PROVIDED DATA:
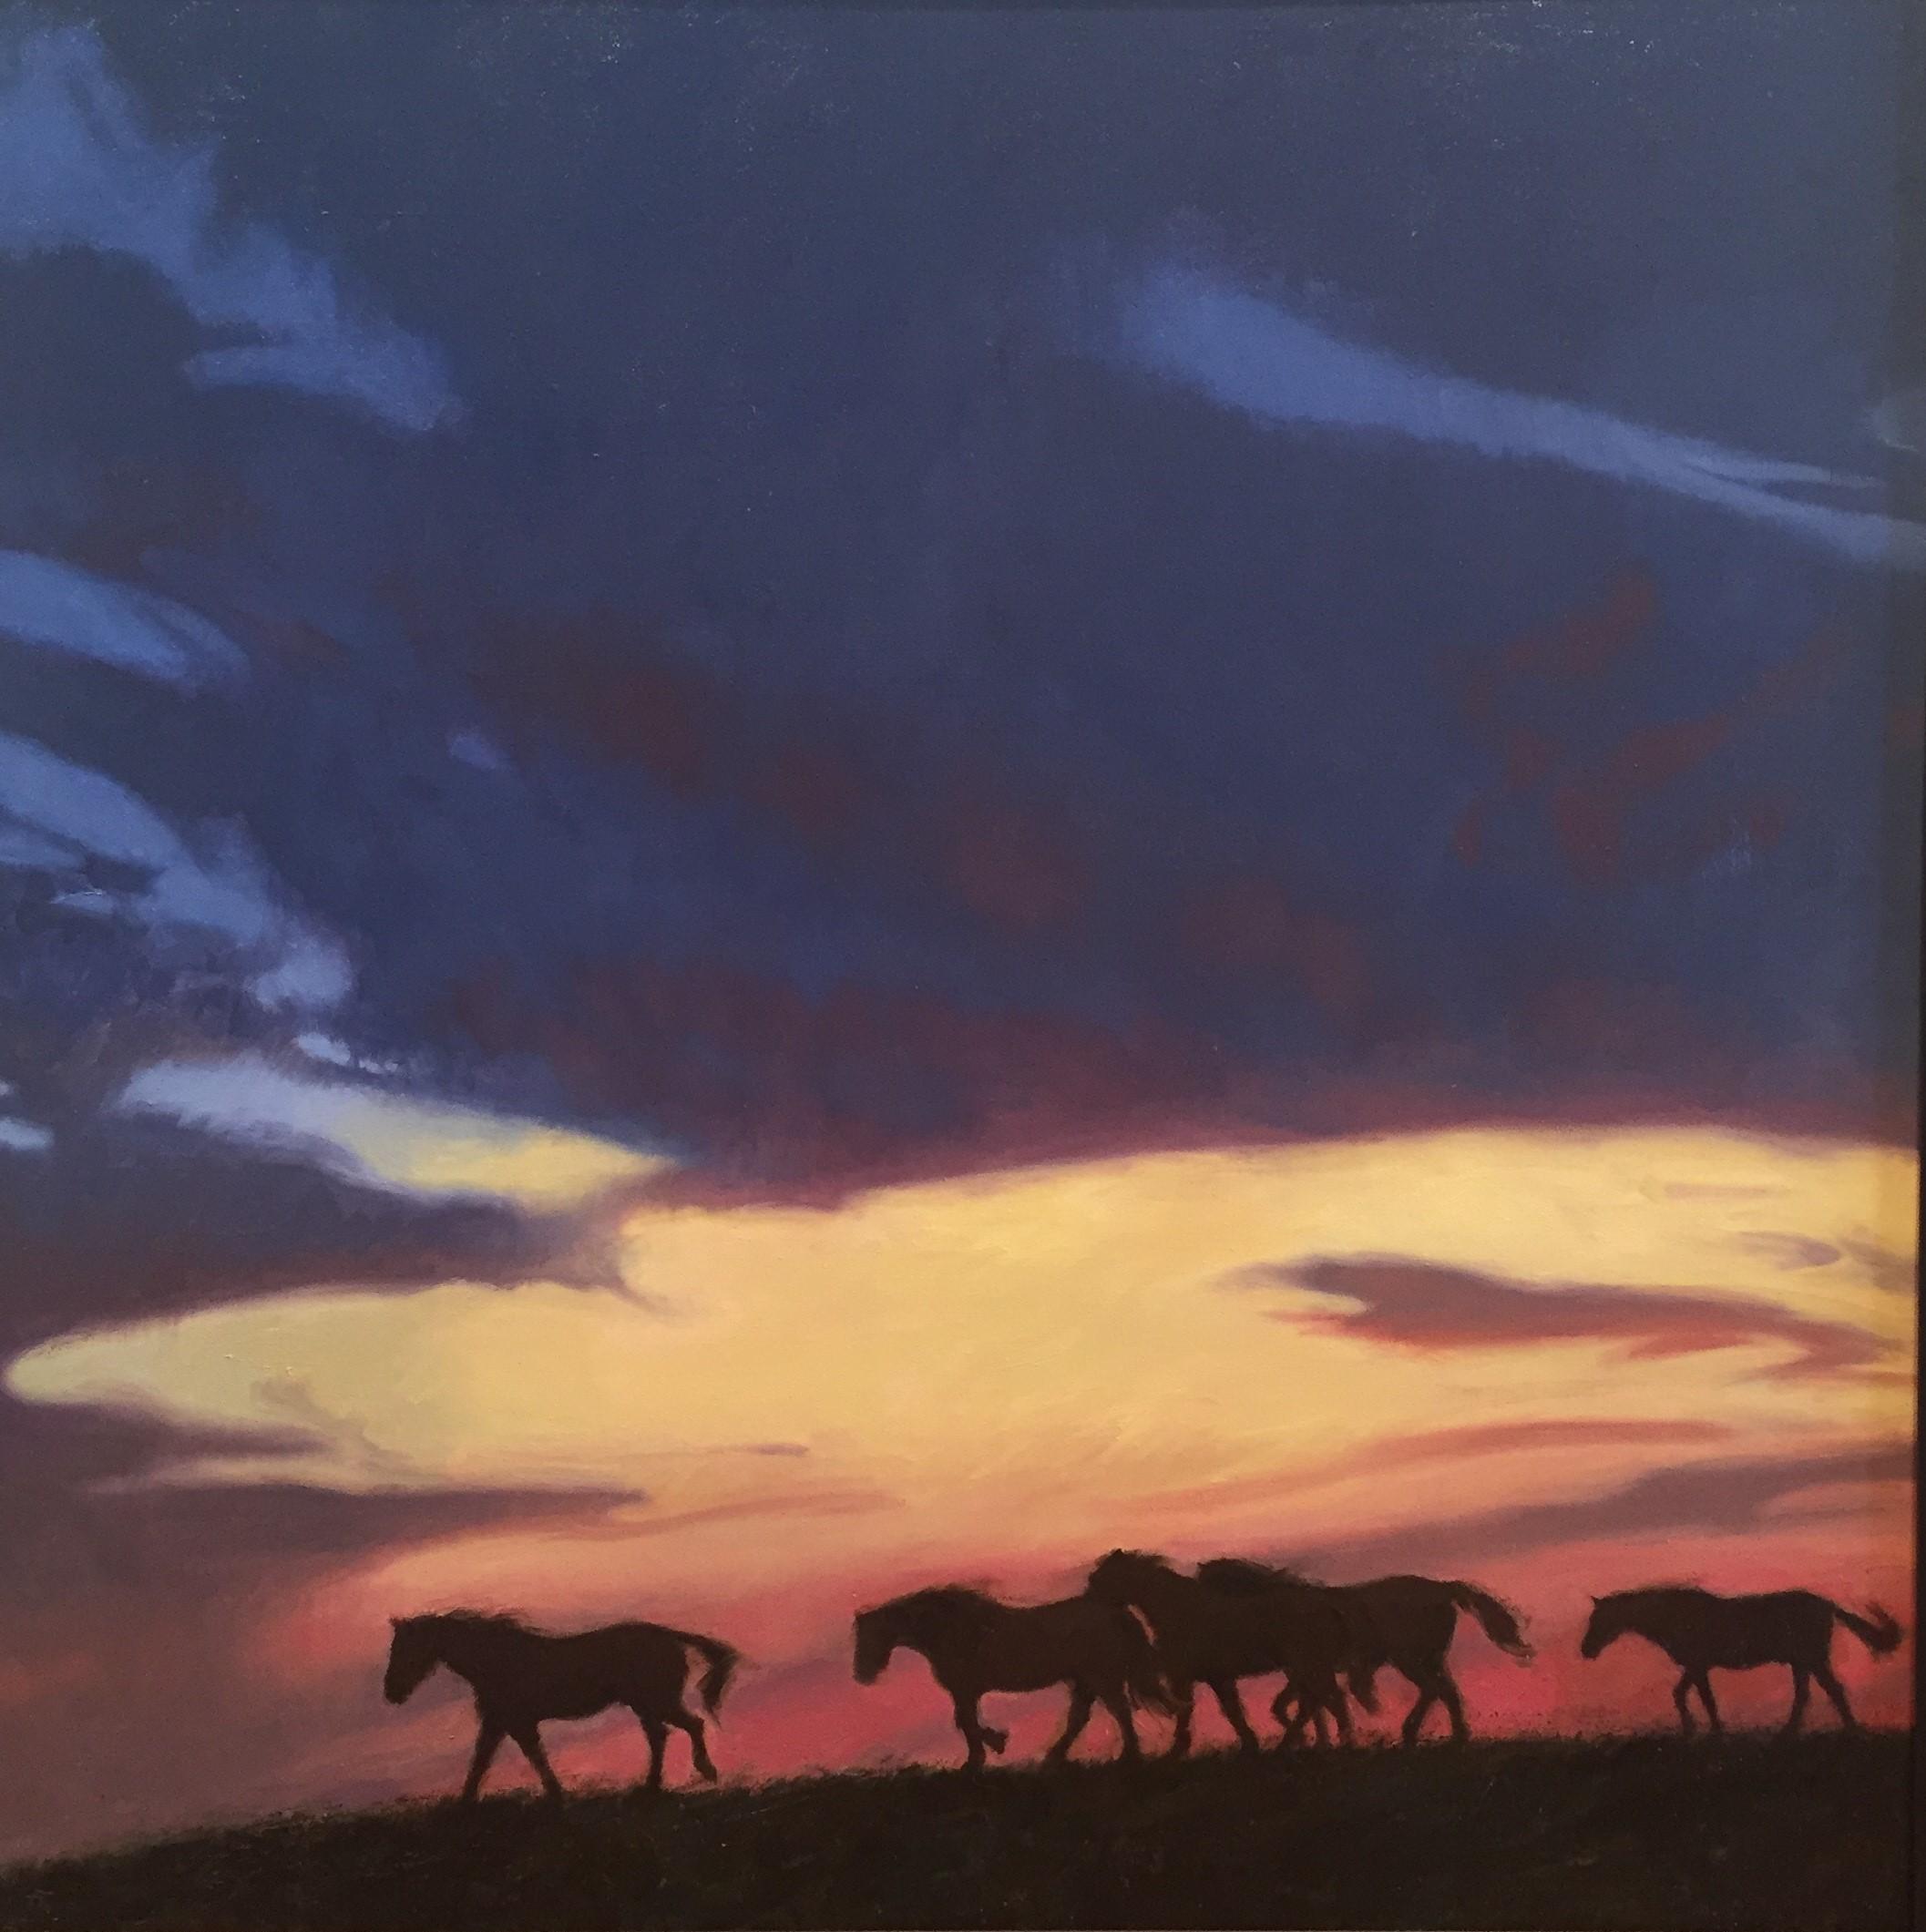 Hoofbeats at Twilight
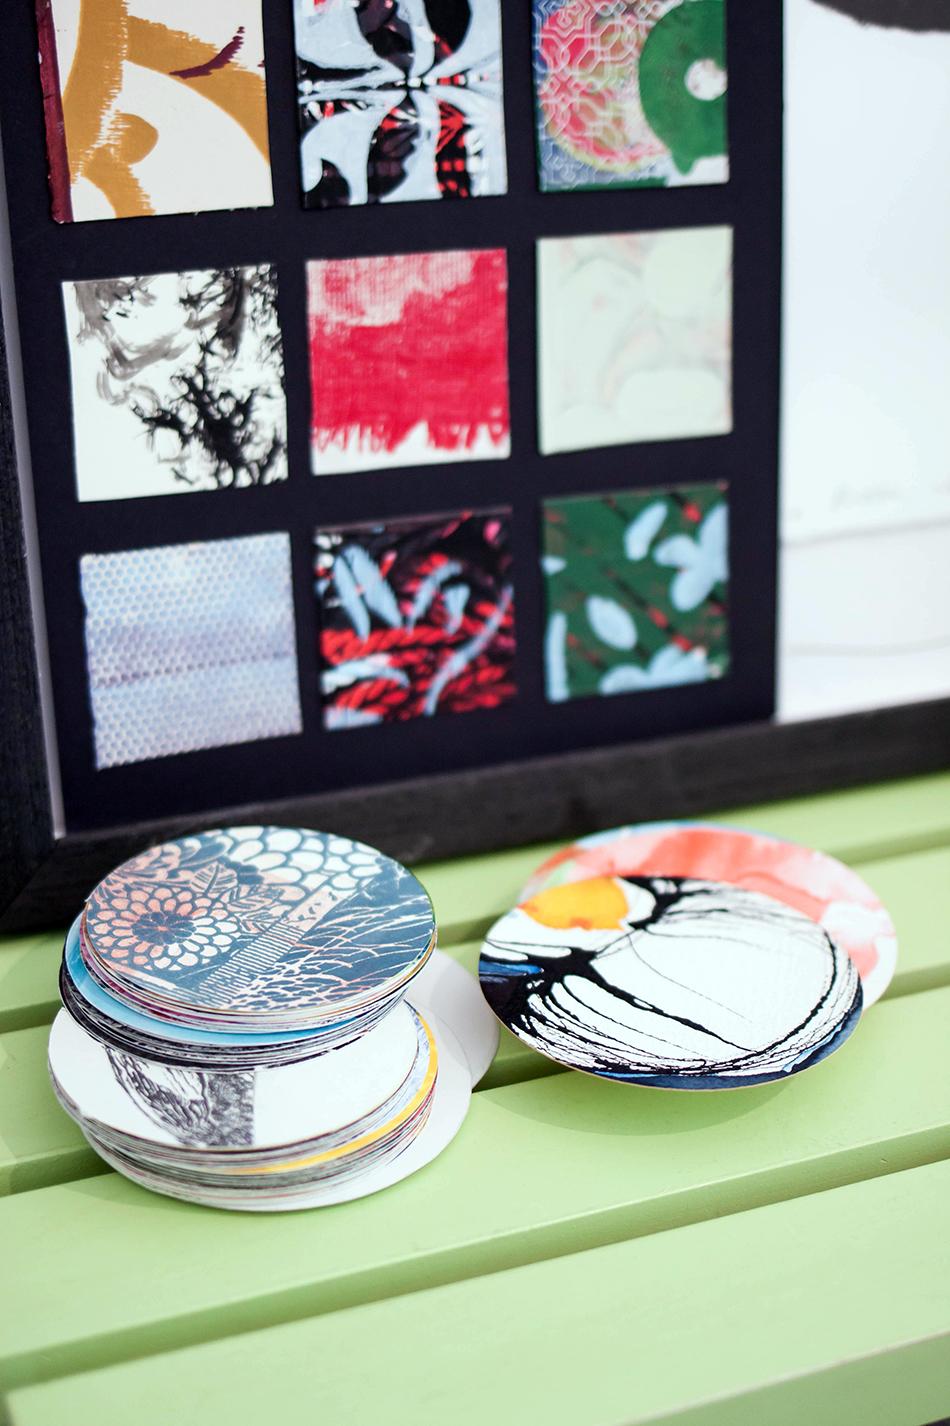 The Corner Store Gallery, Studio Visit with Sarah Montgomery
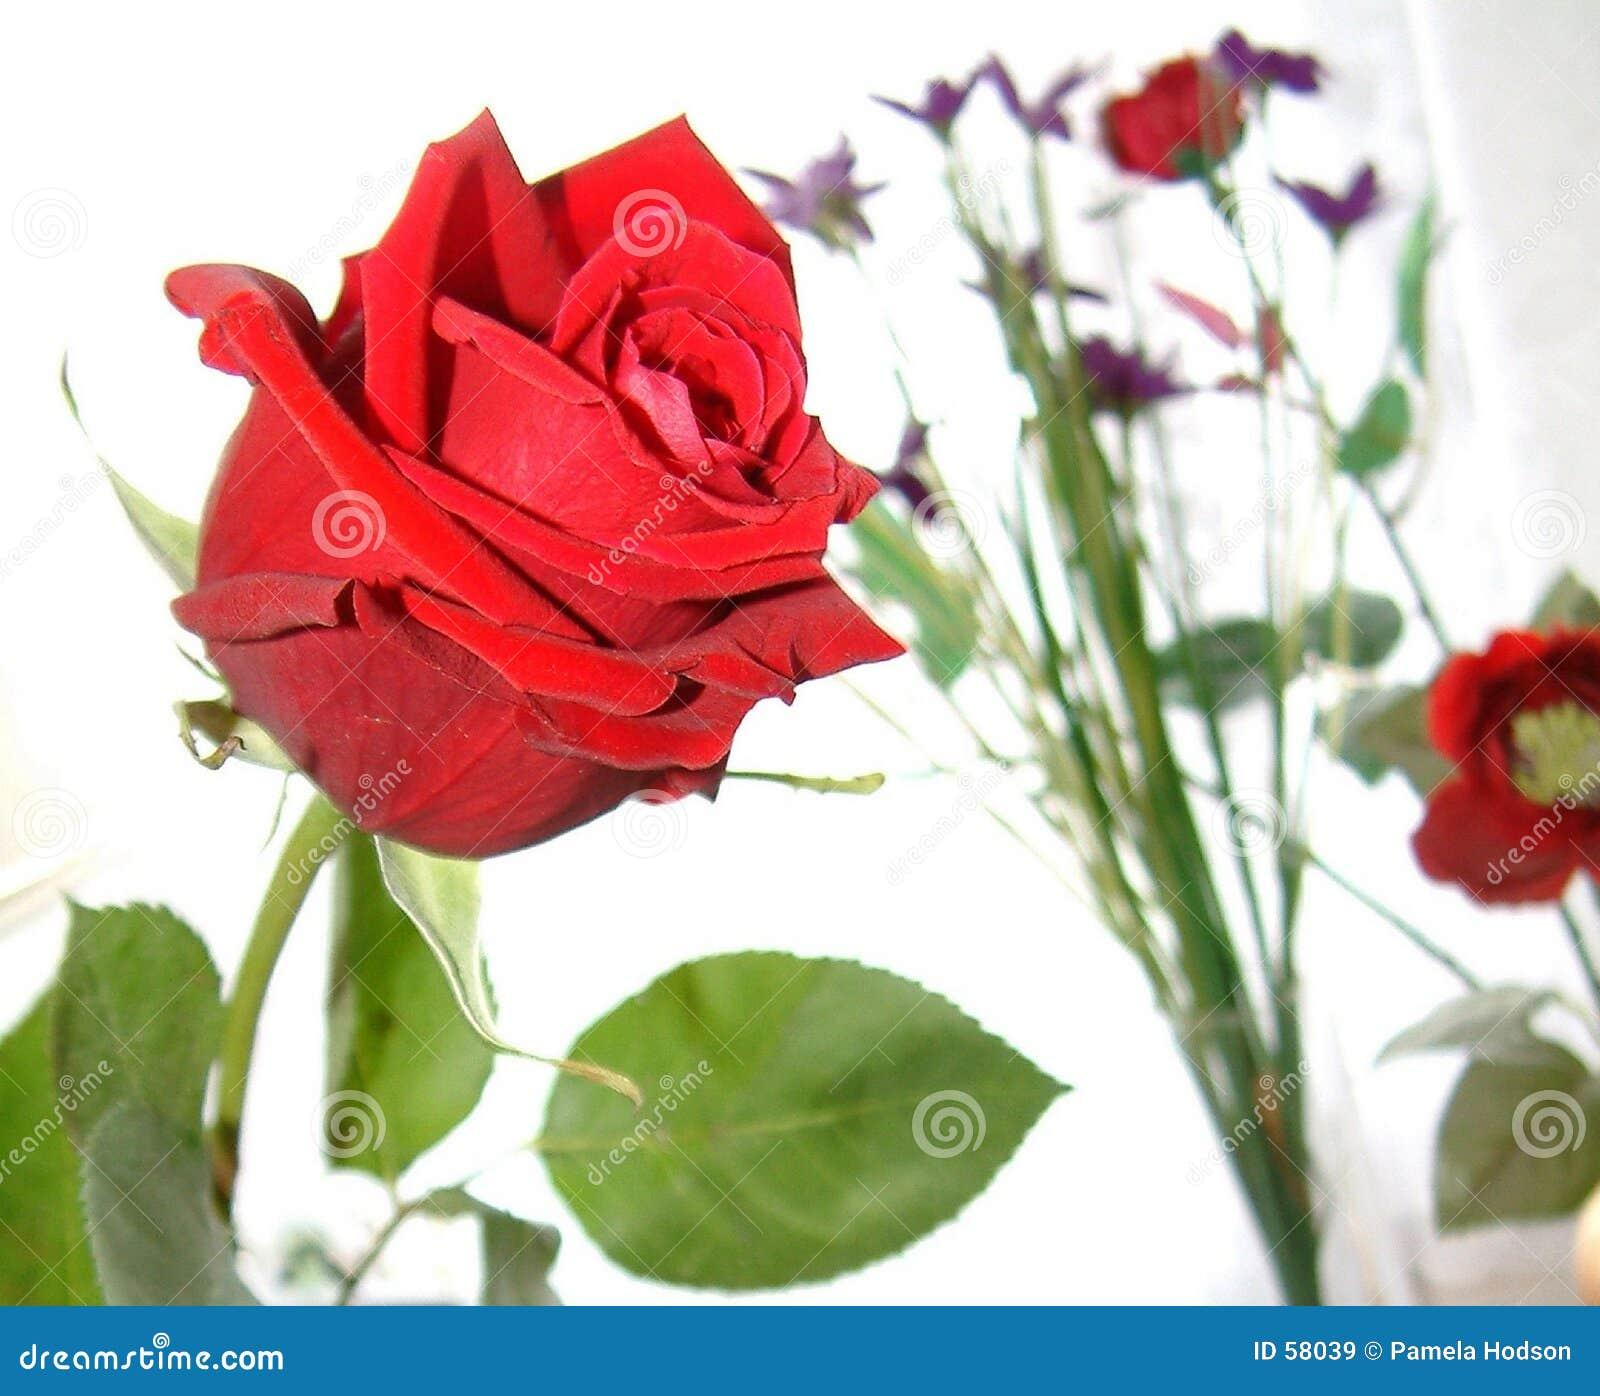 Download Rose de l'amour image stock. Image du rouge, rose, abstrait - 58039

WHAT TO DO: Print the material verbatim; drop the pictures.

FINISHED EXERCISE:
 Hoofbeats at Twilight
 The Corner Store Gallery, Studio Visit with Sarah Montgomery
 Download Rose de l'amour image stock. Image du rouge, rose, abstrait - 58039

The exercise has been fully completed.